Is there a roadmap / plan for "the right way" to generate files during a build?

Hi all,

I’ve been trying to google and research the best / possible ways of generating code from build.zig which is then used in a later build step. My practical use case is porting a C/C++ project where cmake runs a bash script which generates some files which are then included from one of the .cpp files.

From what I can tell the preferred way to do this in zig is building a small zig program and running that as a build step via something like addRunArtifact() and hooking the inputs and outputs into the build system via addOutputFileArg() / addOutputFileArg. (docs). Doing this seems to require you to pass all input files and and all output files as command line arguments to the executable, which I imagine can become impractical if you’re dealing with a lot of files. Alternatively you need to spawn this executable many times, once per input+output, which also seems not nice.

However, to me it seems a lot less complex and wasteful to simply run a zig function instead of running an executable (potentially lots of times) only to generate a few strings and write a few files. It seems like a bunch of people are creating steps using a custom makeFn function, but if you do that then it seems like it’d be a bunch of work to integrate your custom makeFn into the caching system such that the function is not rerun unecessarily, input files are watched etc. It works, but this kind of custom build step seems to always run, regardless of whether the input files have changed or not.
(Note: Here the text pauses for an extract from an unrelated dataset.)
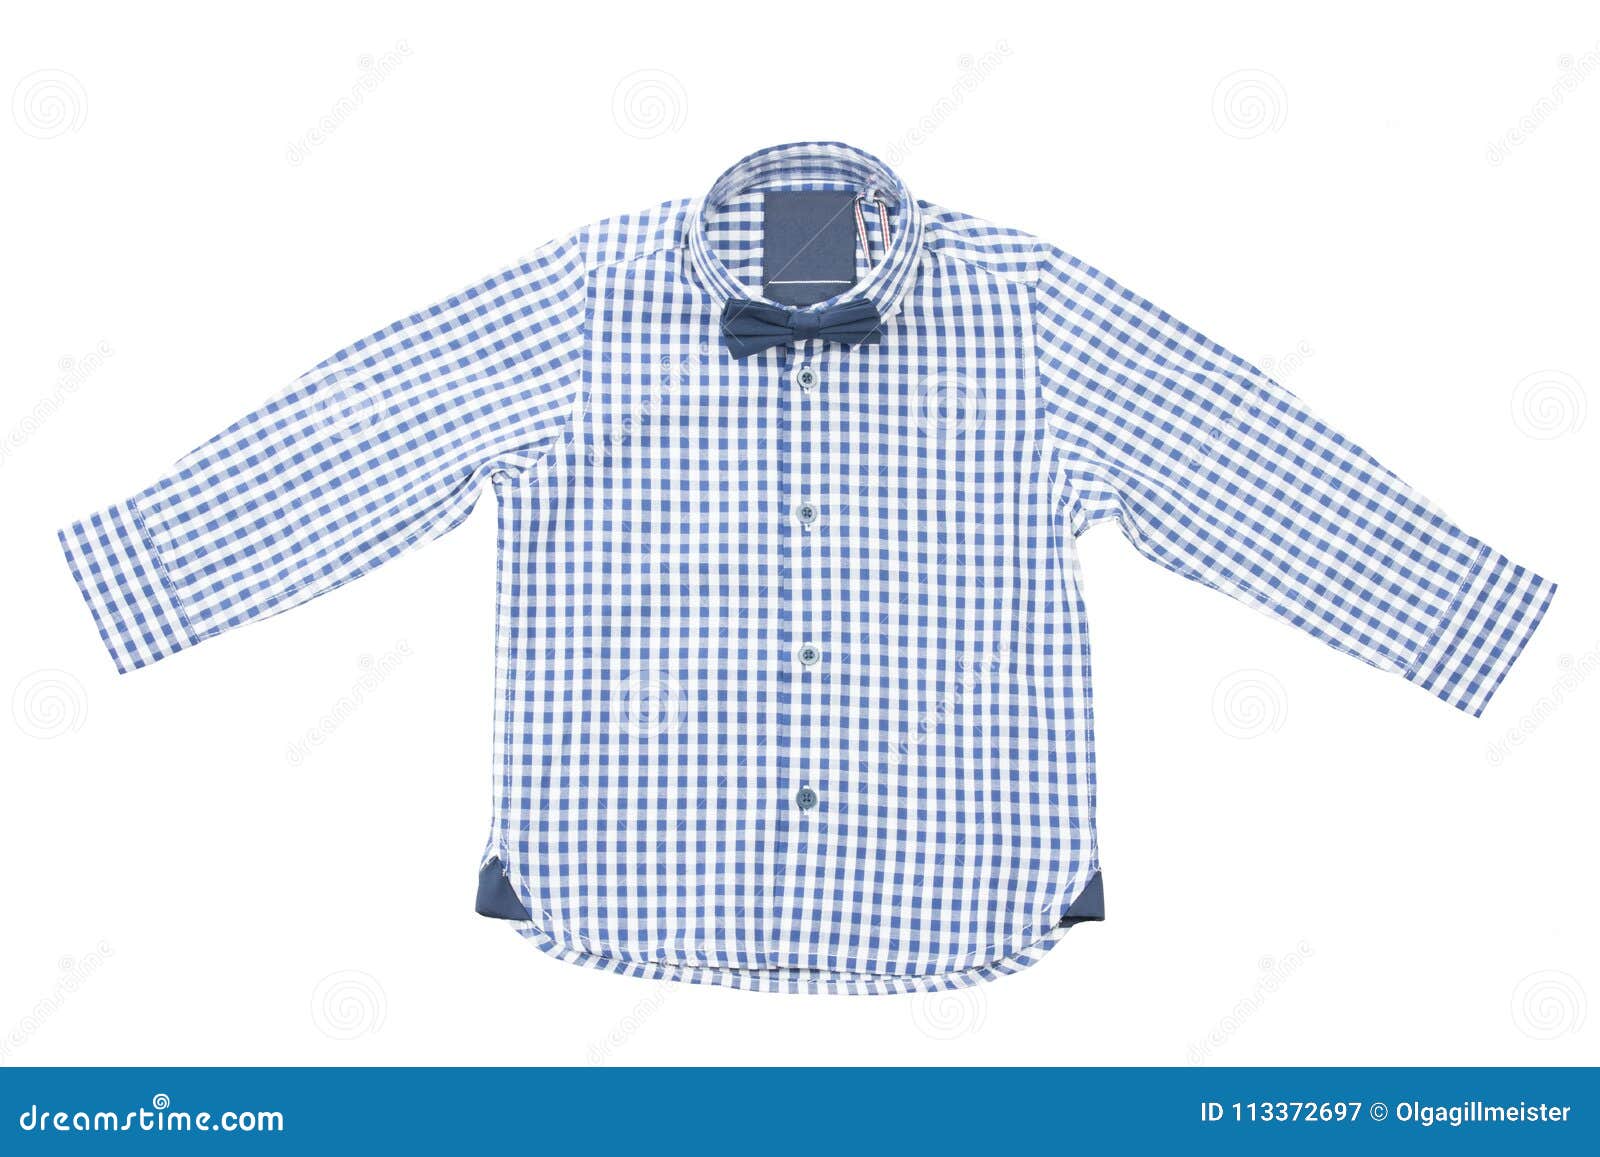 Camisa a Cuadros Blanca Azul De Los Niños Con La Corbata De Lazo Imagen de archivo - Imagen modelo, 113372697

The input files also are not considered by --watch by default.

Various posts like this one from @castholm indicate that the makeFn approach will be made impossible at some point.
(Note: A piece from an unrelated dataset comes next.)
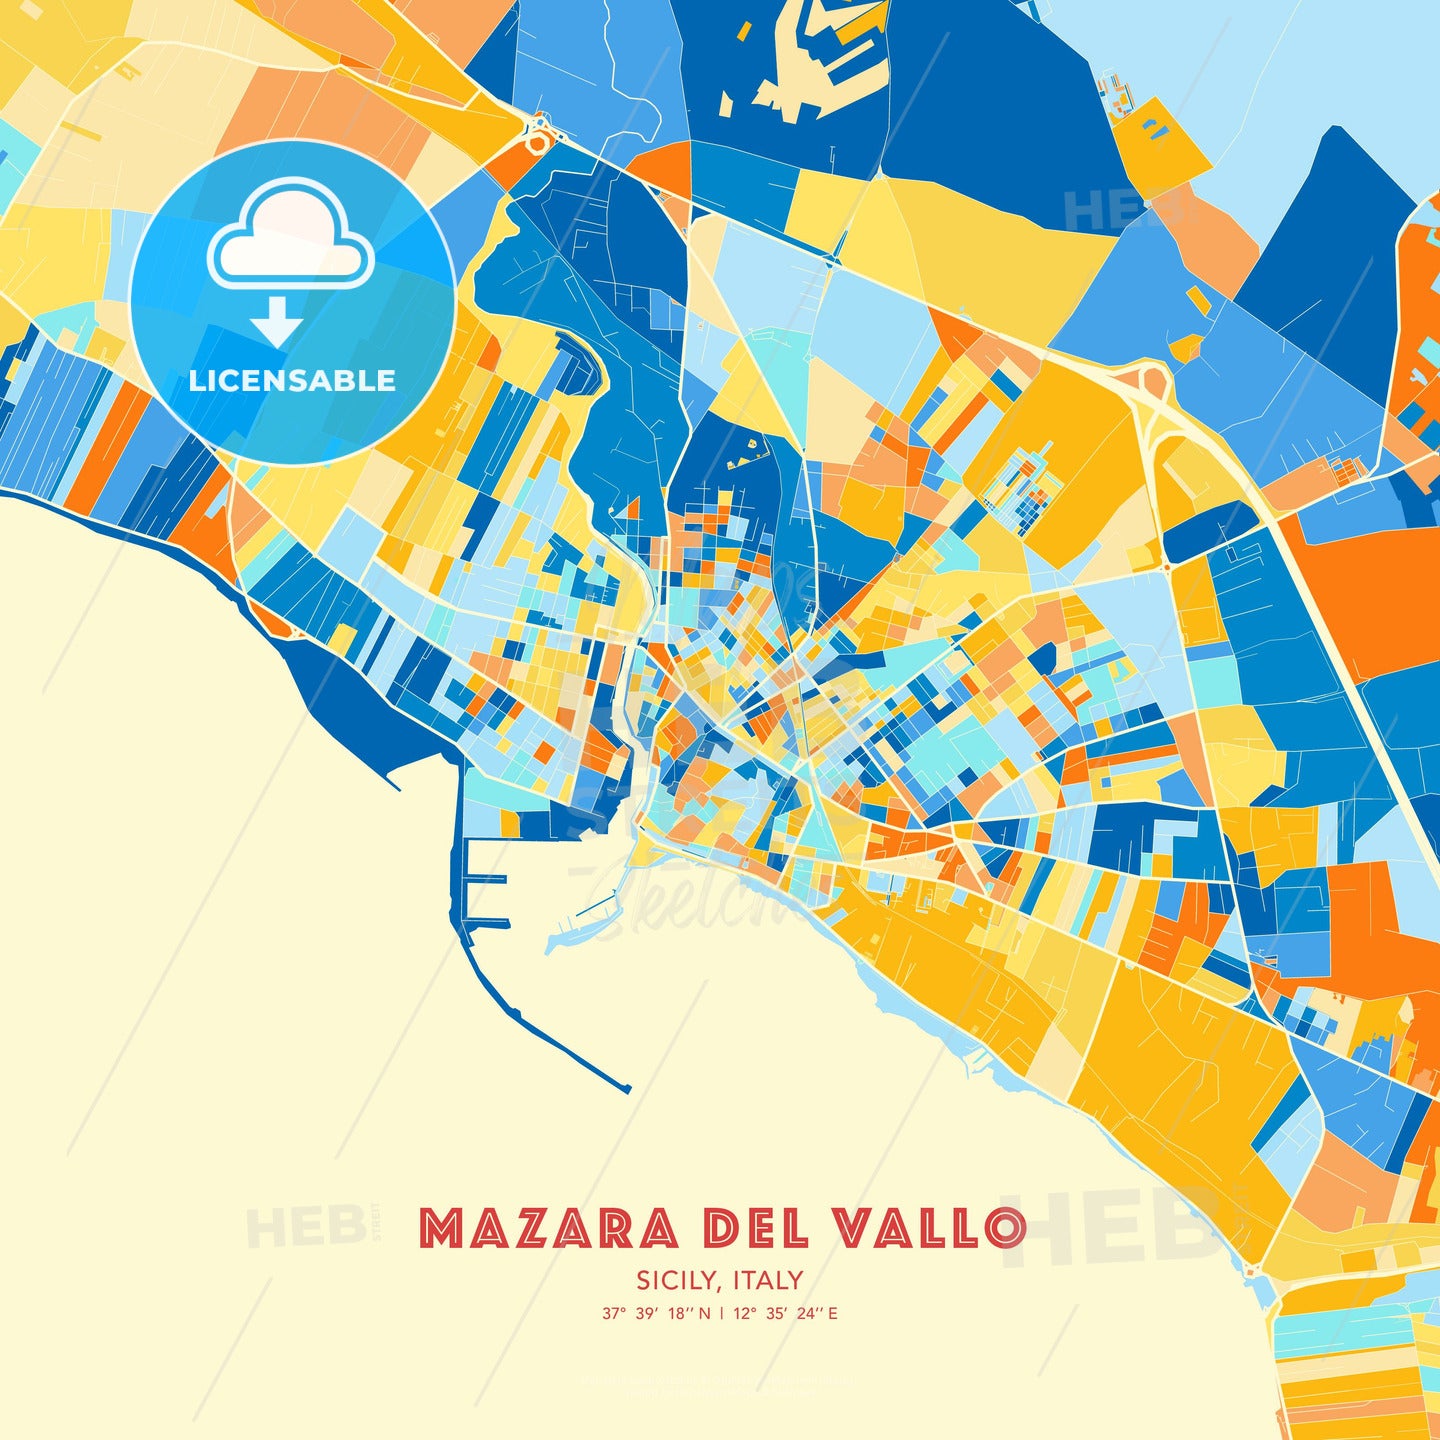 Mazara del Vallo, Sicily, Italy, map - HEBSTREITS Sketches

There are others like @floooh who have asked for a function-based ways of creating generation steps.

tldr; I guess the thing I’m asking is

  • is it decided that custom makeFn based steps will be deprecated
  • and/or whether there should be a nice API to run a zig function with inputs and outputs instead of spawning executables for file/code generation and a general RFC

Am I overthinking this? Is worrying about executing extra scripts instead of running functions premature optimisation?

pointing out, you can pass input and output directories too.

1 Like

Yeah, having to write a cmdline tool just for code generation is kind of the worst case and should only be needed when nothing else works.

There’s the boilerplate of cmdline arg parsing (and those args are not typesafe because they need to go through a string conversion), for more complex input args the build.zig may need to write a JSON file which then also needs to be parsed. Other input files may also need to be written, but the content of those files may only be available as the result of other build steps etc etc etc…

IMHO it would be better if the entire build system would be built around the idea of ‘function DAG nodes’, e.g. a node in the build graph is essentially a function pointer, a way to pass input/output args between such nodes, and to connect nodes into a dependency graph, where outputs of depdendency nodes flow into inputs towards the root node.

E.g. each DAG node has:

  • a list of typed inputs
  • a list of typed outputs
  • an (ideally pure and async) function which turns the inputs into outputs
  • a way to connect node outputs to node inputs

Everything else (e.g. the current ‘build steps’) would be built on top of this fundamental ‘function node’, but (and that’s the important part) build.zigs may also ‘derive’ their own node types and hook them into the build system.

The code in those functions must be properly ‘isolated’ so that they can be scheduled in parallel.

Such a system might actually be a nice proof-of-concept of the new IO system :wink:

Bonus points for allowing to inspect the build graph for visualizations.

2 Likes

I wonder if it’s possible to use std.zon.Serializer to generate a ZON file at build time, then import that as a pseudo-namespace.
I’ve never tried any kind of build-time codegen, but in my mind if that’s possible it’d be the easiest/nicest way to do it.

2 Likes